XARELTO® is not for use in people with artificial heart valves.

XARELTO® is not for use in people with antiphospholipid syndrome (APS), especially with positive triple antibody testing.

Do not take XARELTO® if you or your child:

• Currently have certain types of abnormal bleeding. Talk to your doctor before taking XARELTO® if you currently have unusual bleeding.
• Are allergic to rivaroxaban or any of the ingredients of XARELTO®.

Before taking XARELTO®, tell your doctor about all your medical conditions, including if you or your child:

• Have ever had bleeding problems
• Have liver or kidney problems
• Have antiphospholipid syndrome (APS)

Are pregnant or plan to become pregnant.
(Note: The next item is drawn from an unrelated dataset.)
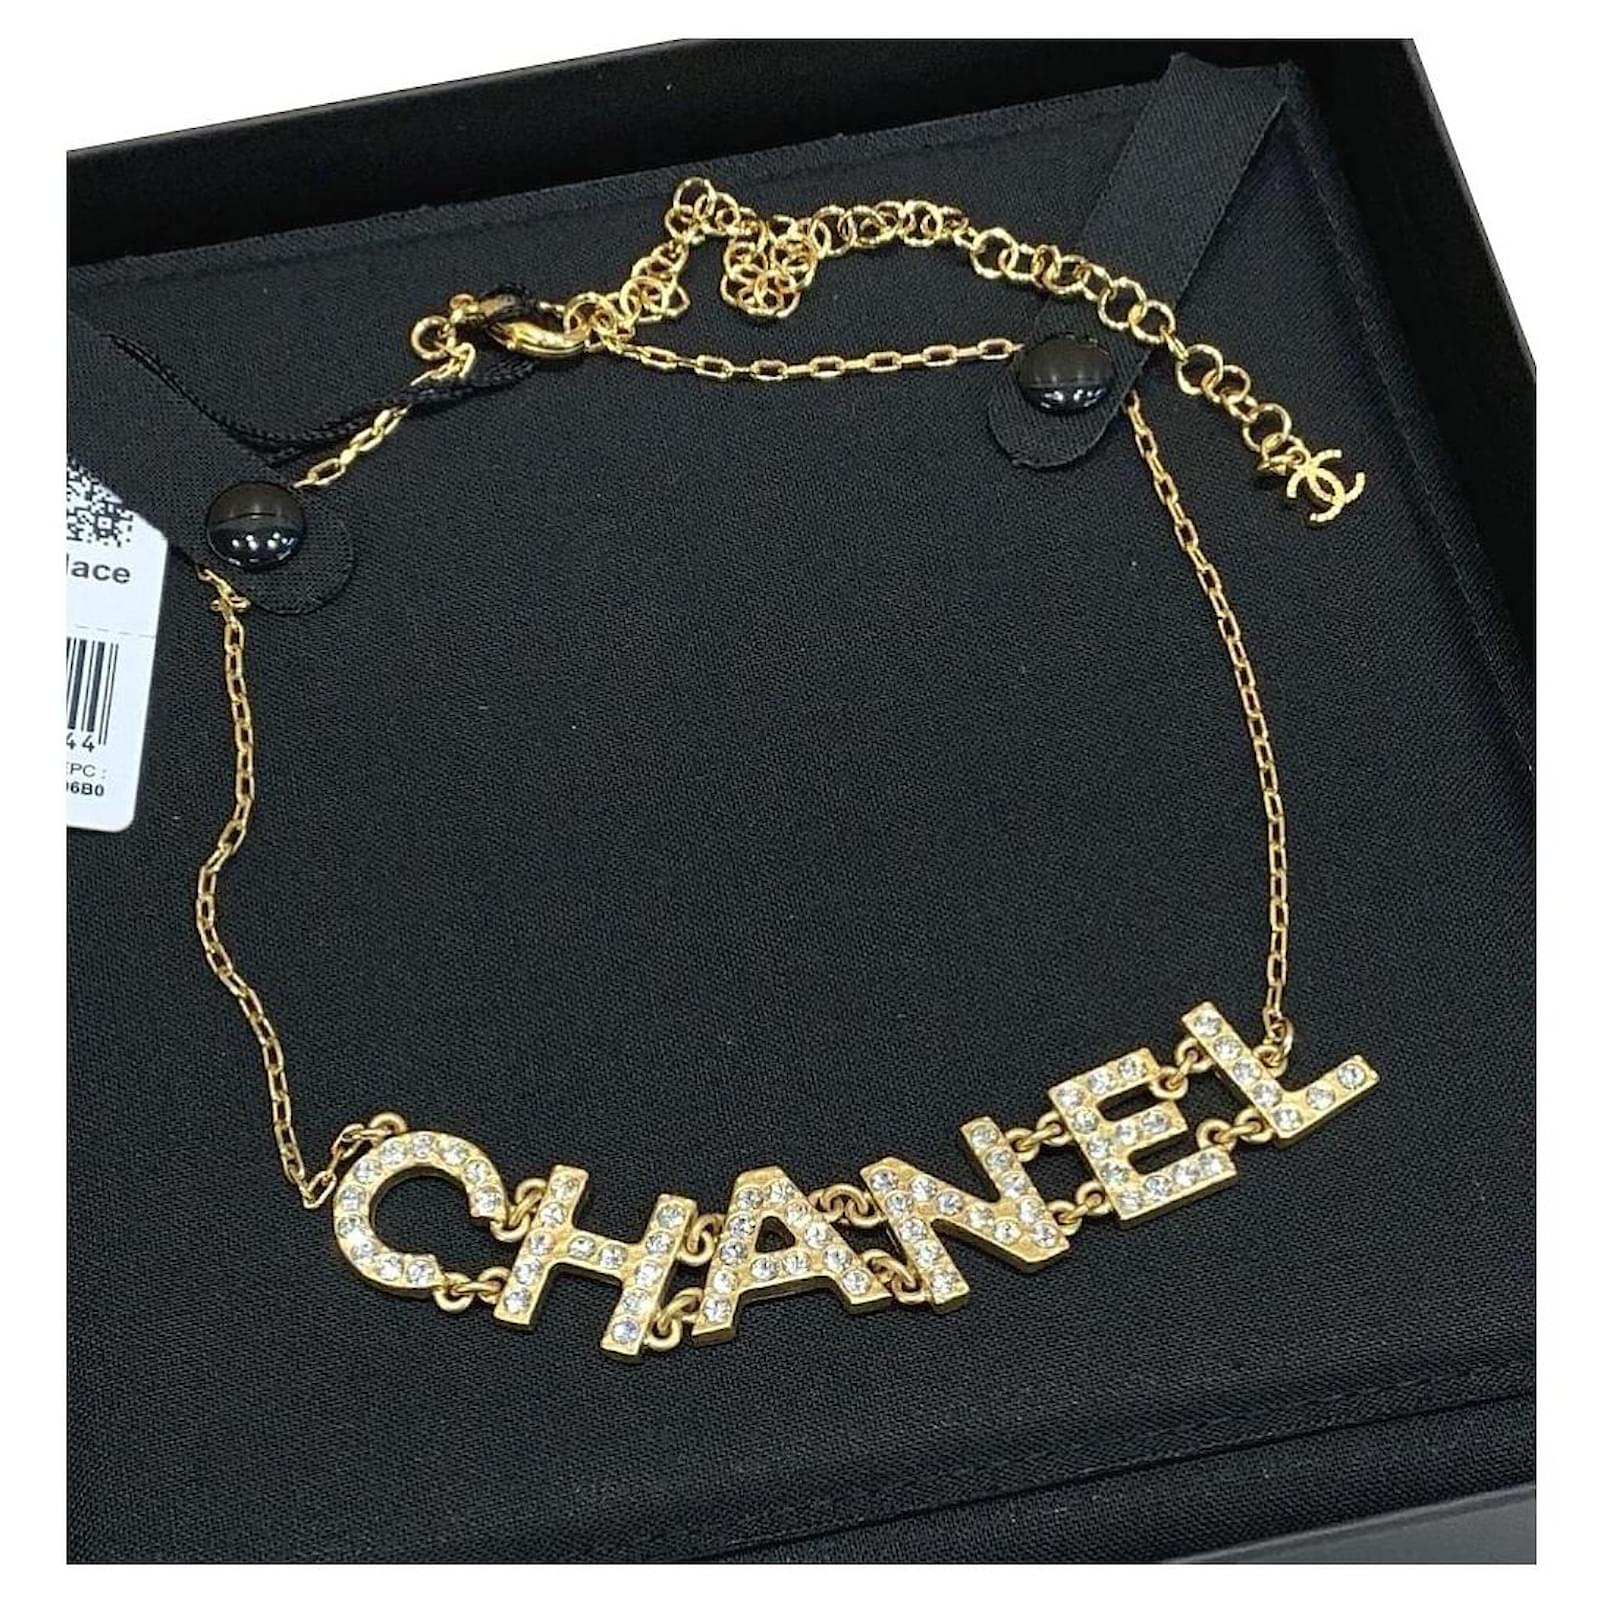 NEW CHANEL NECKLACE CC LOGO STRASS GOLD METAL BALL + NEW NECKLACE BOX

It is not known if XARELTO® will harm your unborn baby.

• Tell your doctor right away if you become pregnant during treatment with XARELTO®. Taking XARELTO® while you are pregnant may increase the risk of bleeding in you or in your unborn baby.
• Females who are able to become pregnant: Talk with your doctor about pregnancy planning during treatment with XARELTO®. Talk with your doctor about your risk for severe uterine bleeding if you are treated with blood thinner medicines, including XARELTO®.
• If you take XARELTO® during pregnancy, tell your doctor right away if you have any signs or symptoms of bleeding or blood loss. See “What is the most important information I should know about XARELTO®?” for signs and symptoms of bleeding.
• Are breastfeeding or plan to breastfeed. XARELTO® may pass into your breast milk. Talk to your doctor about the best way to feed your baby during treatment with XARELTO®.

Tell all of your doctors and dentists that you or your child are taking XARELTO®. They should talk to the doctor who prescribed XARELTO® for you before you have any surgery, medical or dental procedure.
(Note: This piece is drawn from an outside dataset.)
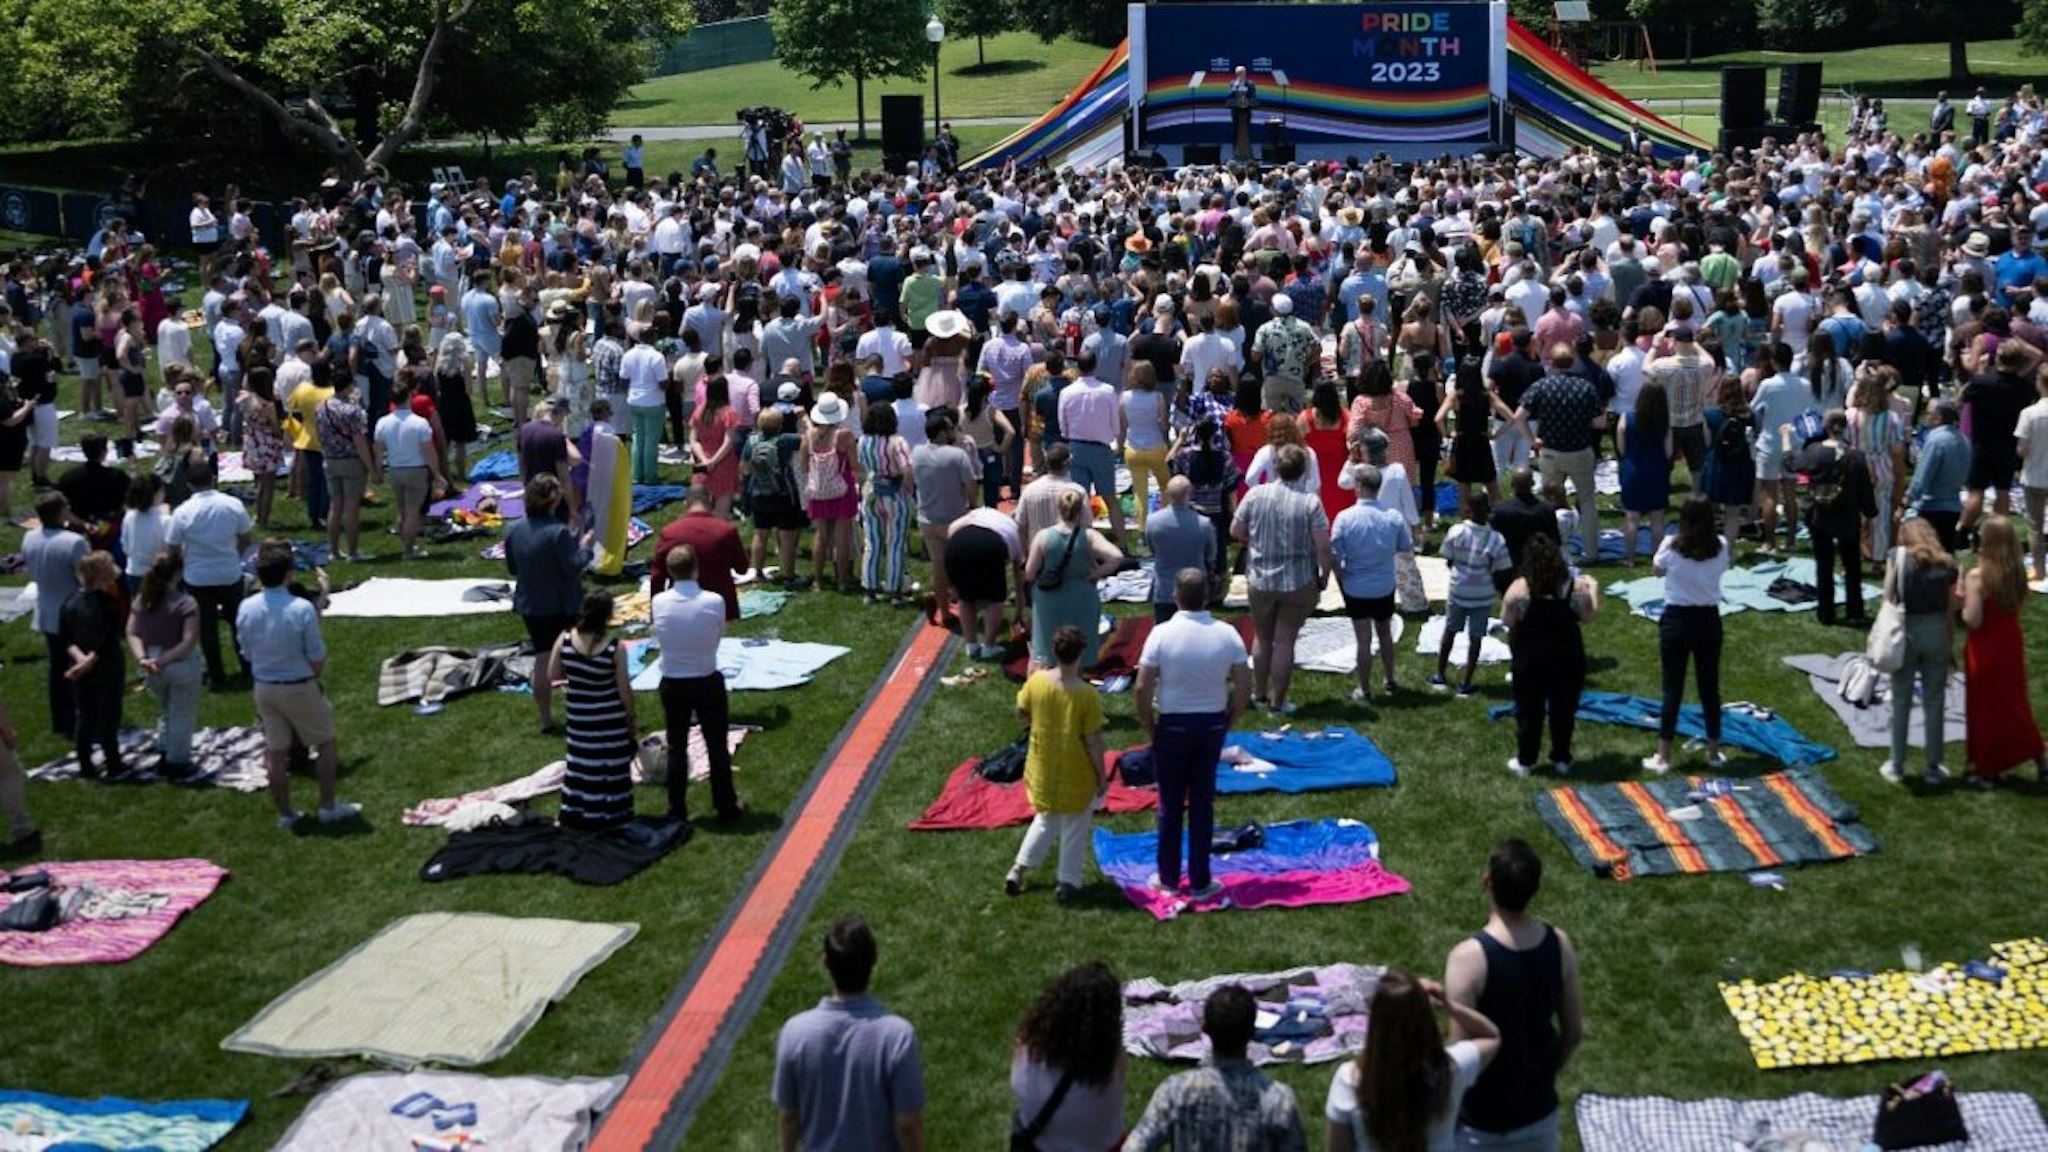 US President Joe Biden speaks during a Pride celebration on the South Lawn of the White House in Washington, DC, on June 10, 2023.

Tell your doctor about all the medicines you or your child take, including prescription and over-the-counter medicines, vitamins, and herbal supplements.

Some of your other medicines may affect the way XARELTO® works, causing side effects. Certain medicines may increase your risk of bleeding. See “What is the most important information I should know about XARELTO®?”

HOW SHOULD I TAKE XARELTO®?

• Take XARELTO® exactly as prescribed by your doctor.
• Do not change your dose or stop taking XARELTO® unless your doctor tells you to. Your doctor may change your dose if needed.
• Your doctor will decide how long you should take XARELTO®.
• XARELTO® may need to be stopped for one or more days before any surgery or medical or dental procedure. Your doctor will tell you when to stop taking XARELTO® and when to start taking XARELTO® again after your surgery or procedure.
• If you need to stop taking XARELTO® for any reason, talk to the doctor who prescribed XARELTO® to you to find out when you should stop taking it. Do not stop taking XARELTO® without first talking to the doctor who prescribes it to you.
• If you have difficulty swallowing XARELTO® tablets whole, talk to your doctor about other ways to take XARELTO®.
• Do not run out of XARELTO®. Refill your prescription of XARELTO® before you run out. When leaving the hospital following a hip or knee replacement, be sure that you will have XARELTO® available to avoid missing any doses.
• If you take too much XARELTO®, go to the nearest hospital emergency room or call your doctor right away.

If you take XARELTO® for:

Atrial Fibrillation that is not caused by a heart valve problem:

• Take XARELTO® 1 time a day with your evening meal.
• If you miss a dose of XARELTO®, take it as soon as you remember on the same day. Take your next dose at your regularly scheduled time.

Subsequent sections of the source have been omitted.